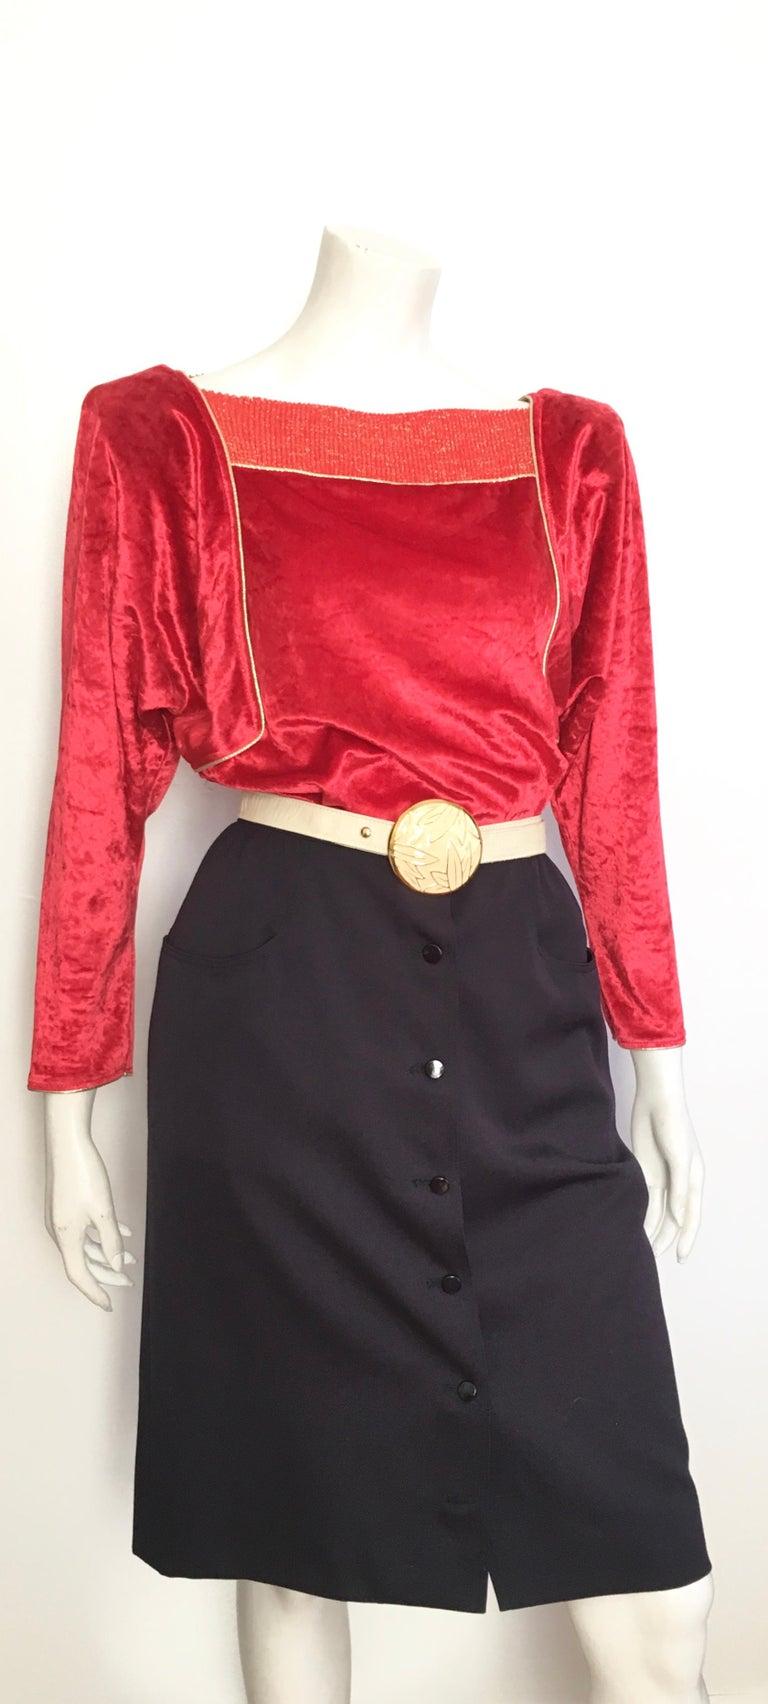 Oscar de la Renta for Swirl 1980s Red Velvet & Metallic Trim Blouse Size P. For Sale 10
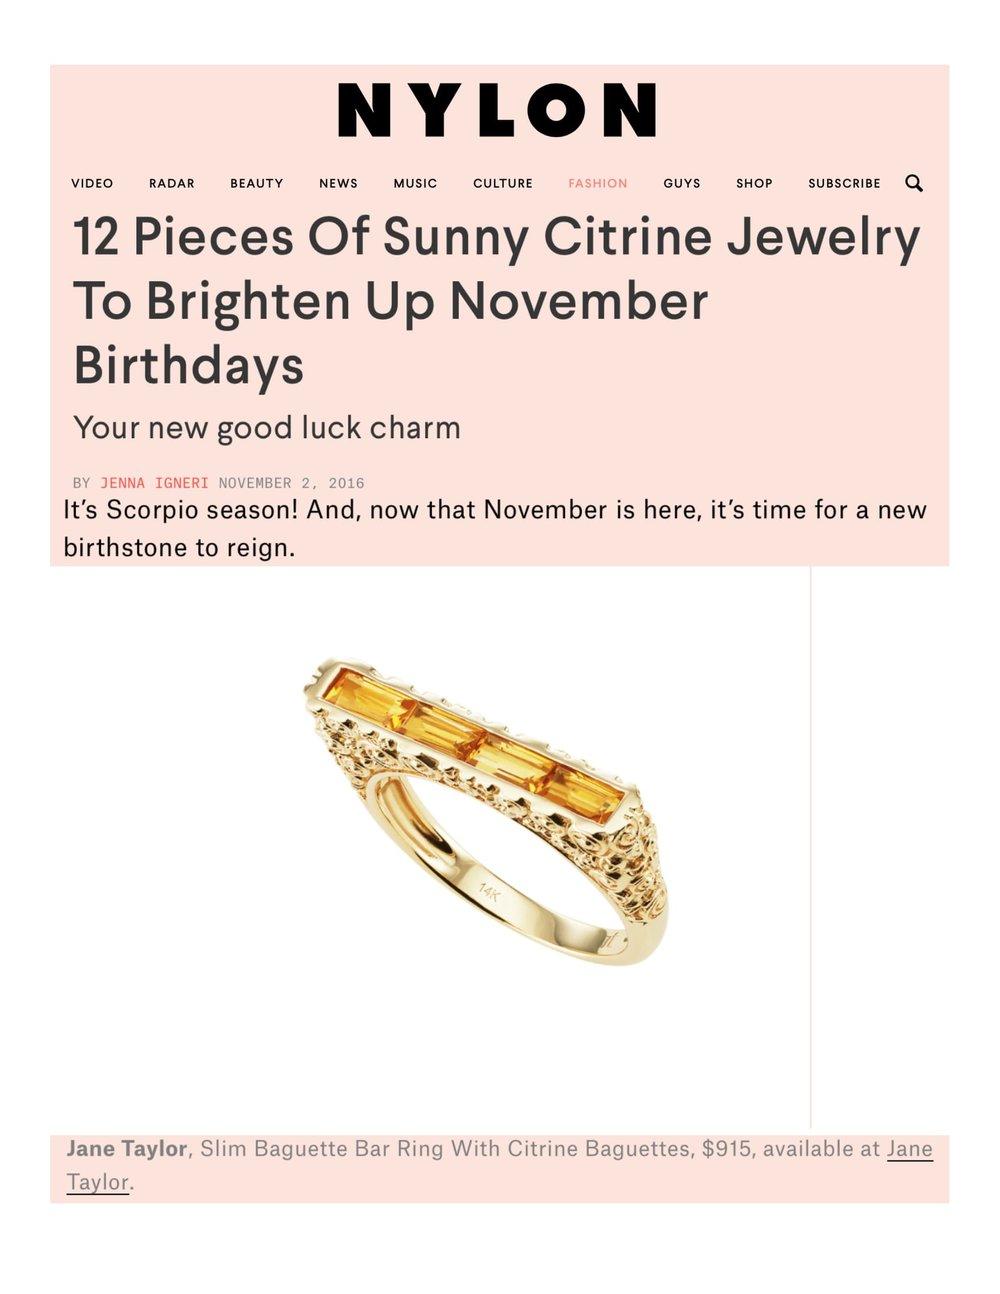 Nylon.com - Sunny Citrine Jewelry - Jane Taylor Jewelry
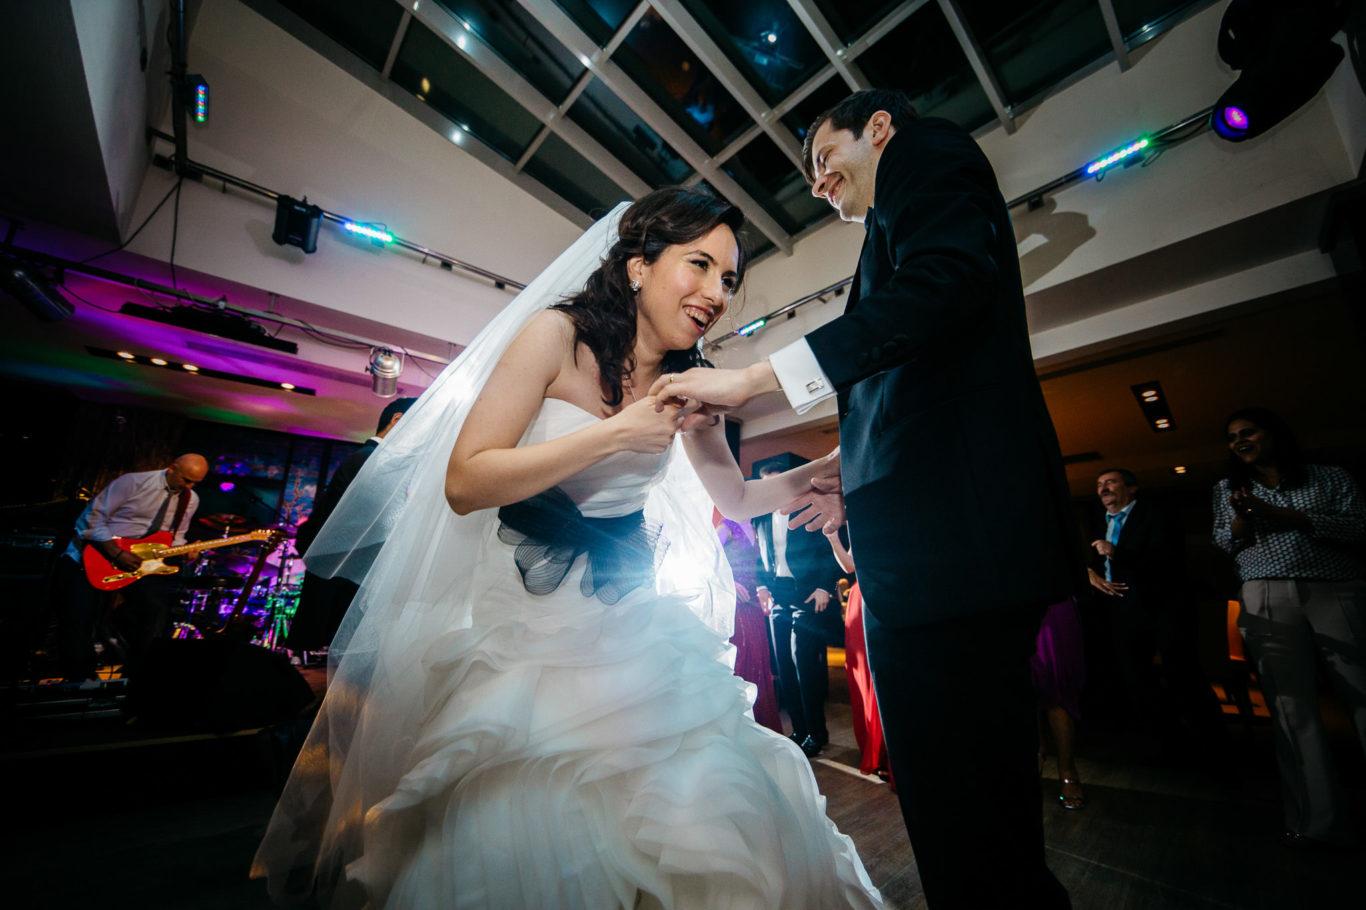 0840-Fotografie-nunta-Simona-Valentin-fotograf-Ciprian-Dumitrescu-CDF_0896 (2)
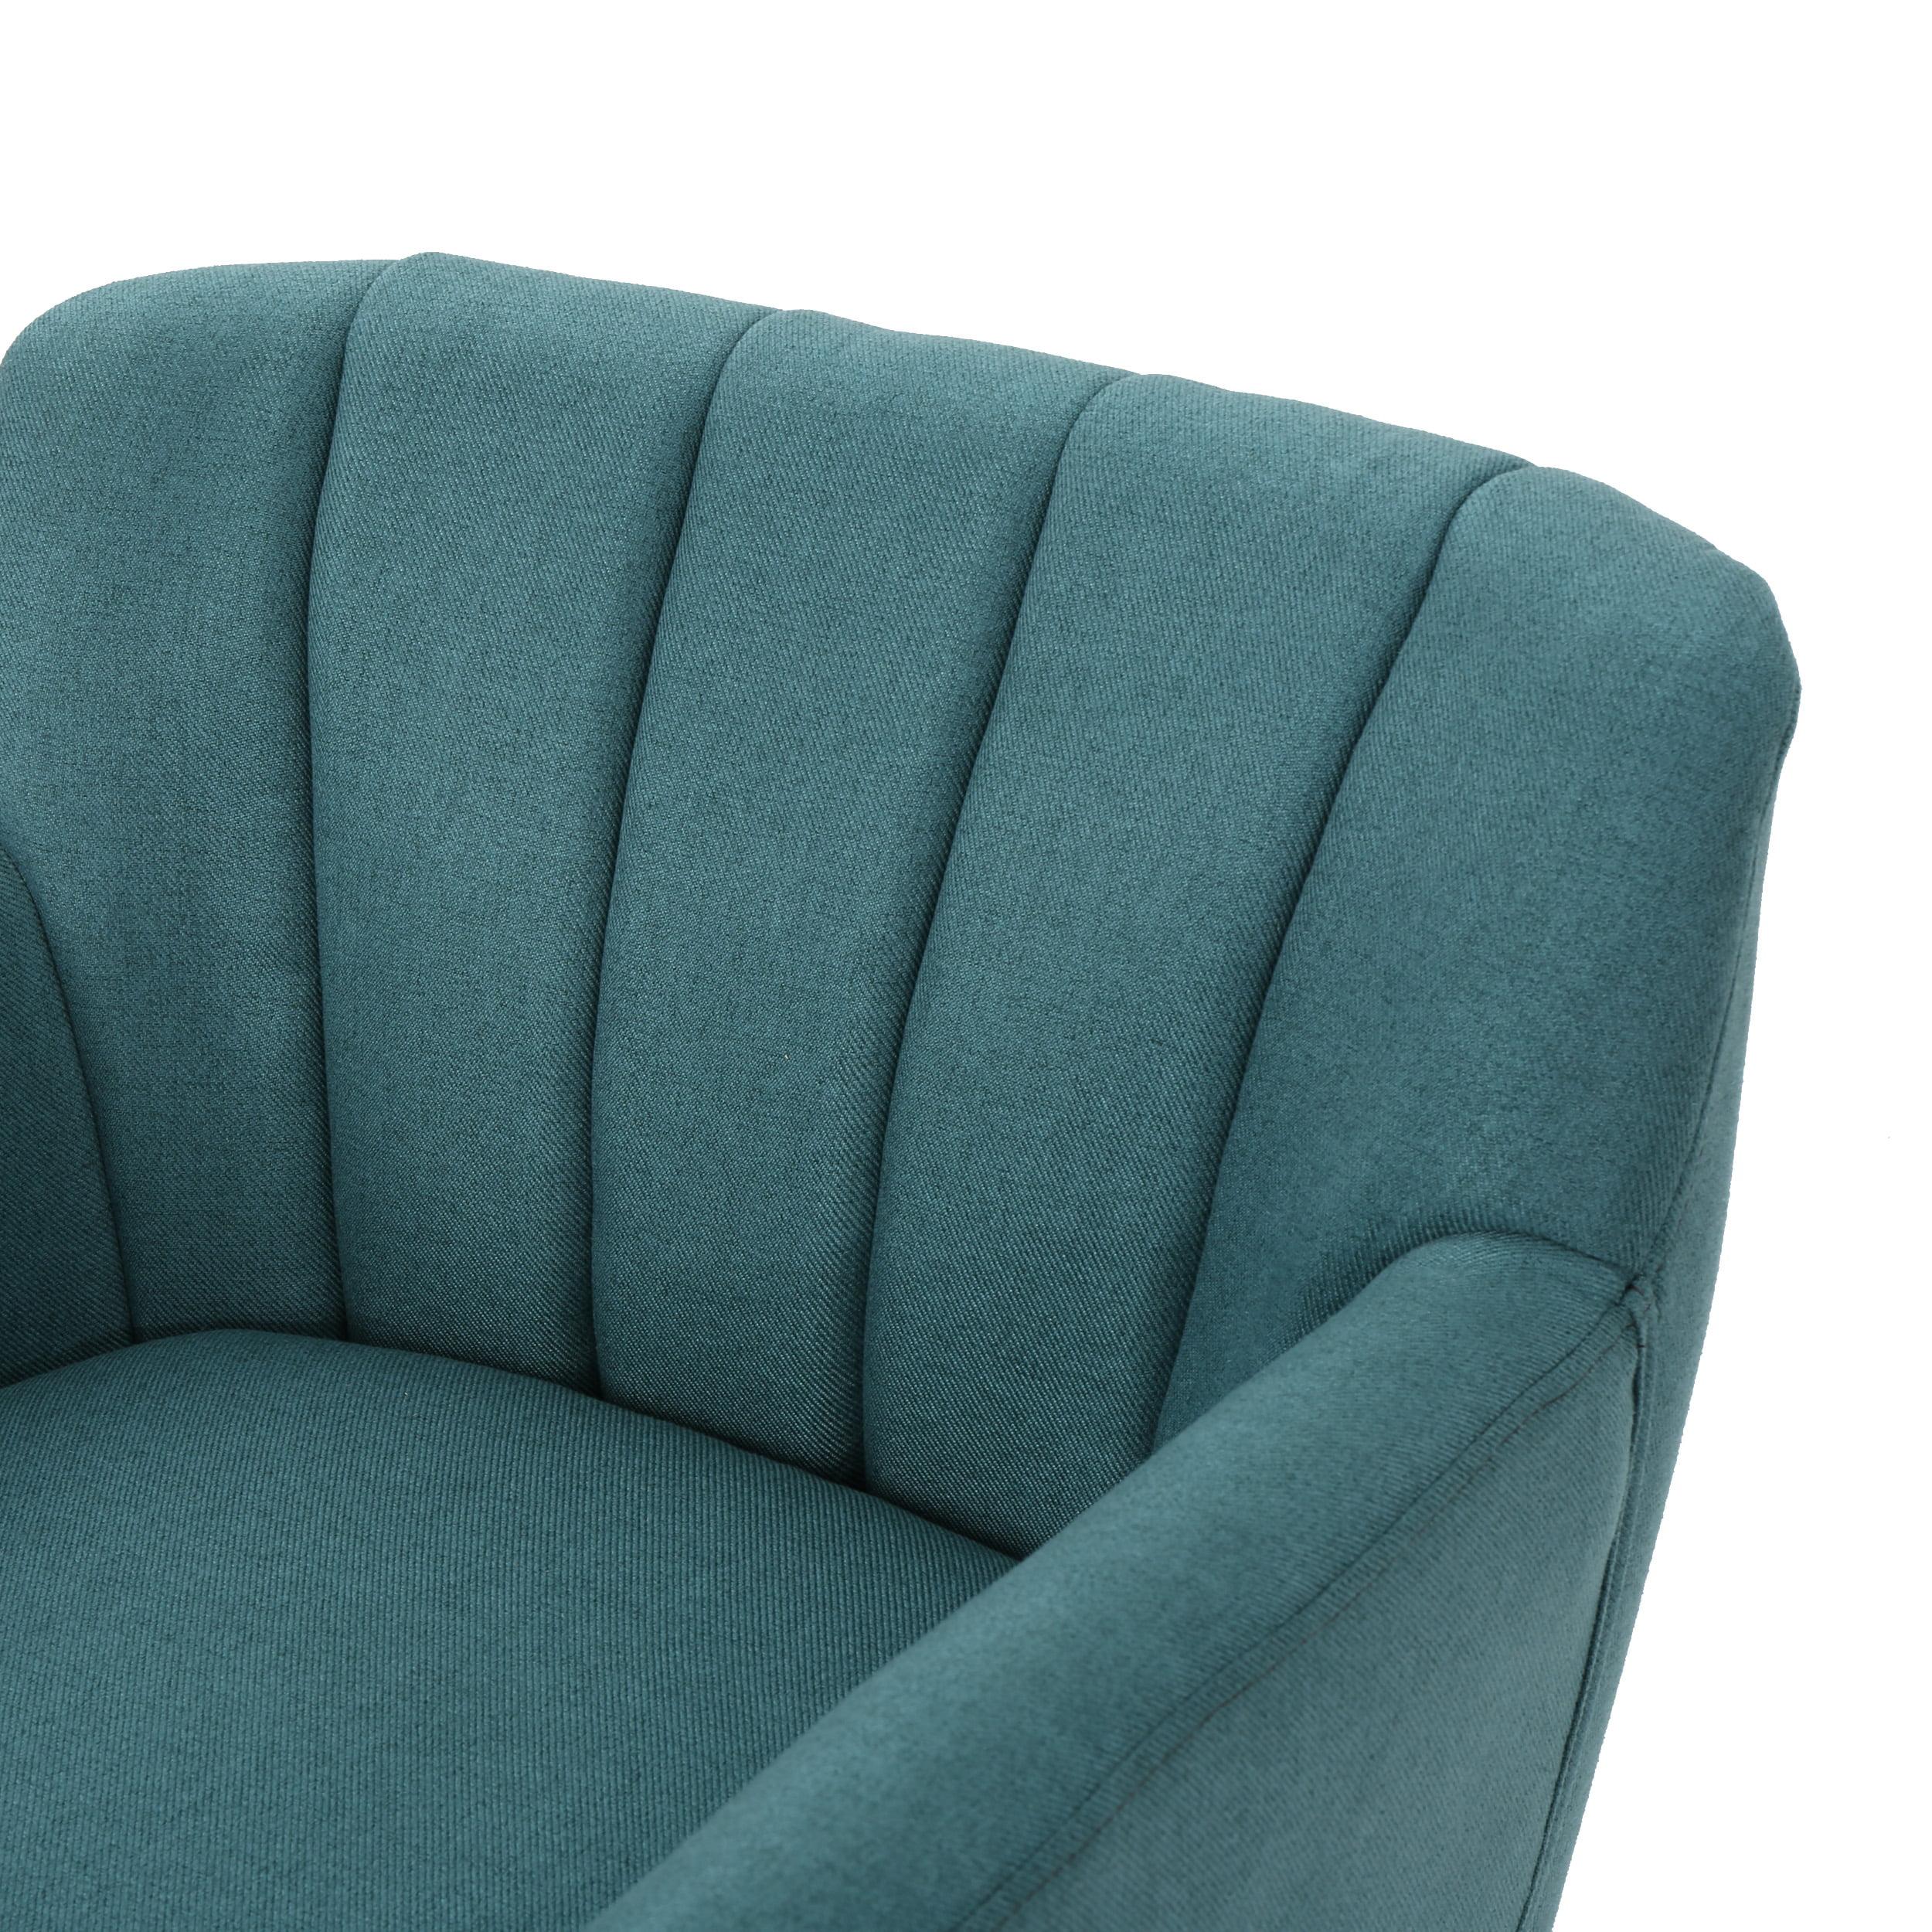 Terrific Madelyn Mid Century Modern Fabric Club Chair Dark Teal Machost Co Dining Chair Design Ideas Machostcouk

◆ WORK REQUIRED: With the pictures left out, return the listing above exactly as it stands.

◆ RESPONSE TO THIS EXERCISE:
 Oscar de la Renta for Swirl 1980s Red Velvet & Metallic Trim Blouse Size P. For Sale 10
 Nylon.com - Sunny Citrine Jewelry - Jane Taylor Jewelry
 0840-Fotografie-nunta-Simona-Valentin-fotograf-Ciprian-Dumitrescu-CDF_0896 (2)
 Terrific Madelyn Mid Century Modern Fabric Club Chair Dark Teal Machost Co Dining Chair Design Ideas Machostcouk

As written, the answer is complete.